For Game Mothers, it’s something else entirely.

The module is dense with background. The 26 Draconis system is seeded early. The disappearance of the USCMS Cronus hangs over everything. AGENT A0-3959X.91-15 is introduced in detail, but only its consequences ever reach the table.

It rewards reading. It rewards restraint. And it rewards running it again once you understand what it was really doing the first time.

Our First Run

Most of the table had come straight from Hope’s Last Day. They knew the system now. Or, at least, thought they did. Everyone received new characters and agendas. They all quietly absorbed new reasons not to tell the truth.

The scenario plays like Alien (1979) at heart: a haunted house in space. That familiarity is intentional. It lulls players into thinking this is about navigation, survival, and monsters. It isn’t.

It’s about pressure. About what people do when their objectives don’t line up. About how quickly friendship gives way to self-preservation once stress dice start stacking.

Paranoia set in early, the first casualty of the Big Black is Trust. Something we would explore in detail when we played te Frontier War.

Again, spoiler-free, because this is a module that deserves to be played. But two moments from that first run still define it for us.

Standout Moment #1

The Locked Door

The crew find themselves in a control room, buried in the engineering decks of the floating haunted house / derelict, trying to bring the ship's systems back online. In the corner of the room is a heap of tattered, discarded pressure suits. A helmet pokes out of the pile, its visor misted, milky and opaque.

Player: “I go over and kick the pile of clothes.”

GM: "What?"

Of course, everything goes wrong immediately. It definately isn't a tattered pile of clothes, initiative is rolled, panic spreads. And then the most human thing possible happened. When one player’s turn comes up, he makes a choice that will go on to define the foray into the Big Black.

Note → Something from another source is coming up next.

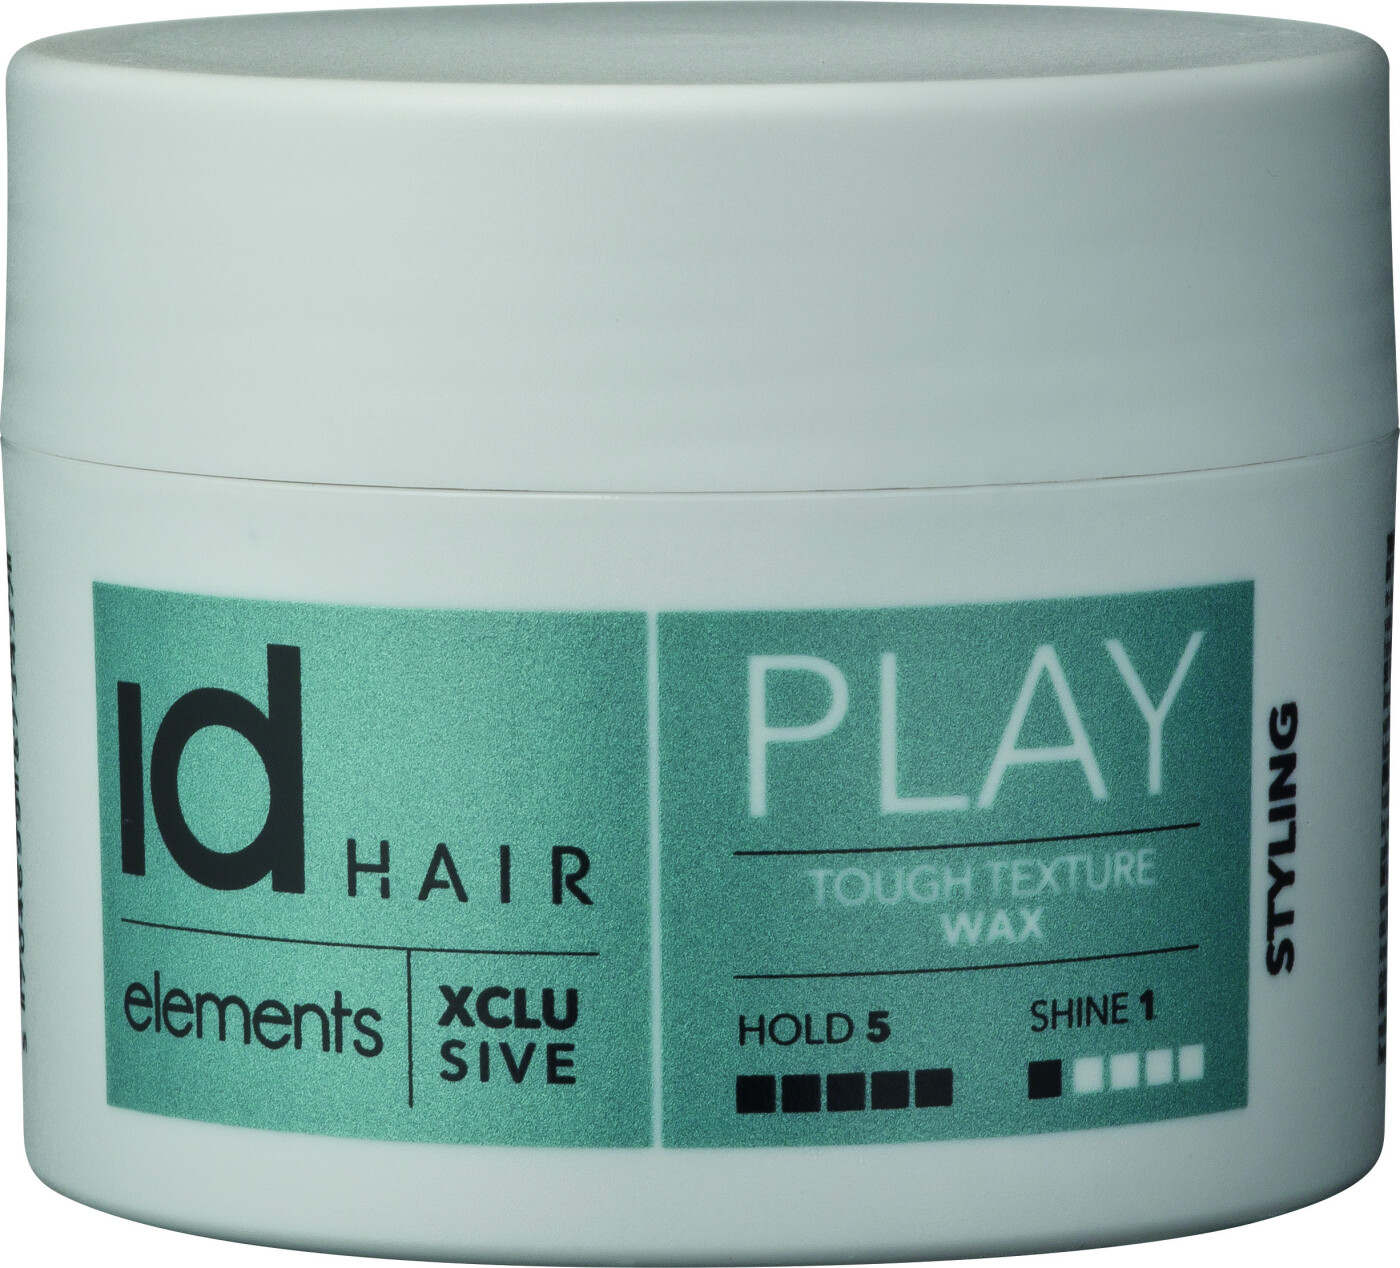 Se Id Hair - Elements Xclusive Texture Wax 100 Ml hos Gucca.dk

The same player who ran when danger appeared in Hope’s Last Day decides to do it again. He bolts for the exit and locks the door behind him.

There is a moment of stunned silence around the table. The three remaining characters resolve the 'issue' and the door is eventually unlocked. Some words are exchanged, none of them are particularly kind. (No real-world feelings are hurt. Everyone laughs it off.) But nothing resets. From that moment on, the game changes. Trust is gone. Every decision is questioned, every action is suspect.

What comes back is never quite what left.

Standout Moment #2

“Daisy, Daisy…”

Late in Act III, due ot the chatter within the Tavern, we bring a new player into the game. There are no characters available for them to play, so an NPC is repurposed and a quick briefing is given.

GM: “He’s been badly affected by a long time in hypersleep. Think about how that might affect how he talks and acts.”

Player: “Got it.”

For the rest of the session, the character refuses to answer questions about his past, he sings “Daisy, Daisy, give me your answer do…” under his breath, and he wrestles a shotgun away from another character the first chance he gets. When the escape pod becomes an option, he doesn’t hesitate. It was unsettling, funny and perfectly wrong.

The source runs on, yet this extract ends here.